Now we introduce deep graph encoders for node embeddings, where \(\operatorname{ENC}(v)\) are deep neural networks. Note that the \(\operatorname{similarity}(u,v)\) measures can also be incorporated into GNN. The output can be node embeddings, sub graph embeddings, or entire graph embeddings, to be used for downstream tasks.
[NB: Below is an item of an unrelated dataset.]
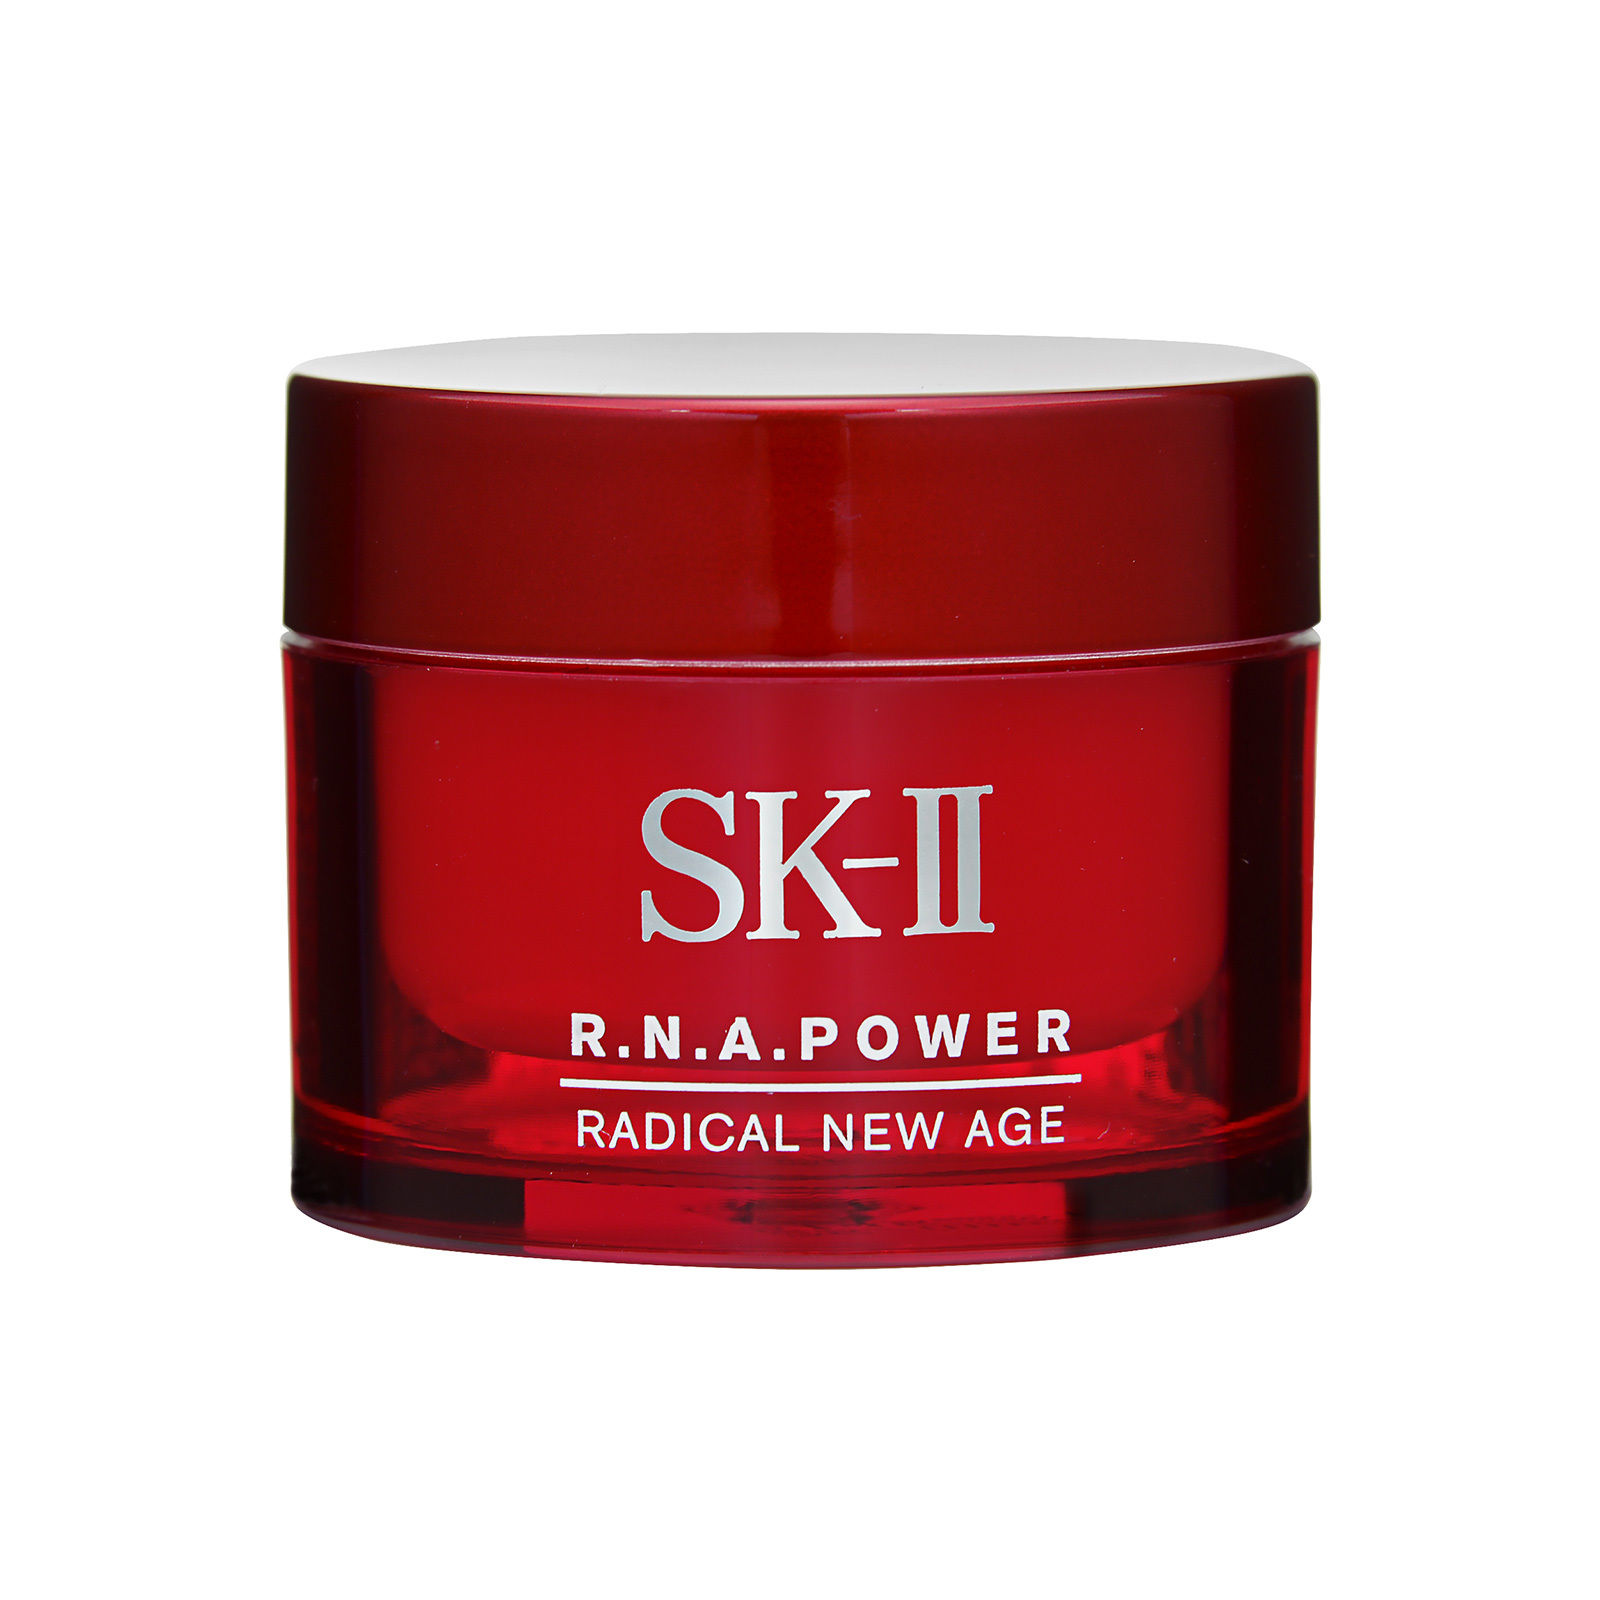 R.N.A.Power Radical New Age Cream 】at Low Price - TofuSecret™

Fig. 235 Pipeline of graphical neural networks¶

Let

\(G\) be an undirected graph of order \(N_v\)
\(\boldsymbol{A}\) be the \(N_v \times N_v\) adjacency matrix
\(\boldsymbol{X}\) be the \(N_v \times d\) node features

A naive idea to represent the graph with features is to use the \(N_v \times (N_v + d)\) matrix \([\boldsymbol{A} , \boldsymbol{X}]\), and then feed into NN. However, there are some issues

for node-level task
- \(N_v + d\) parameters > \(N_v\) examples (nodes), easy overfit
for graph-level task:
- not applicable to graphs of different sizes
- sensitive to node ordering

Structure¶

To solve the above issues, GNN borrows idea of CNN filters (hence GNN is also called graphical convolutional neural networks GCN).

Computation Graphs¶

In CNN, a convolutional operator can be viewed as an operator over lattices. Can we generalize it to subgraphs? How to define sliding windows?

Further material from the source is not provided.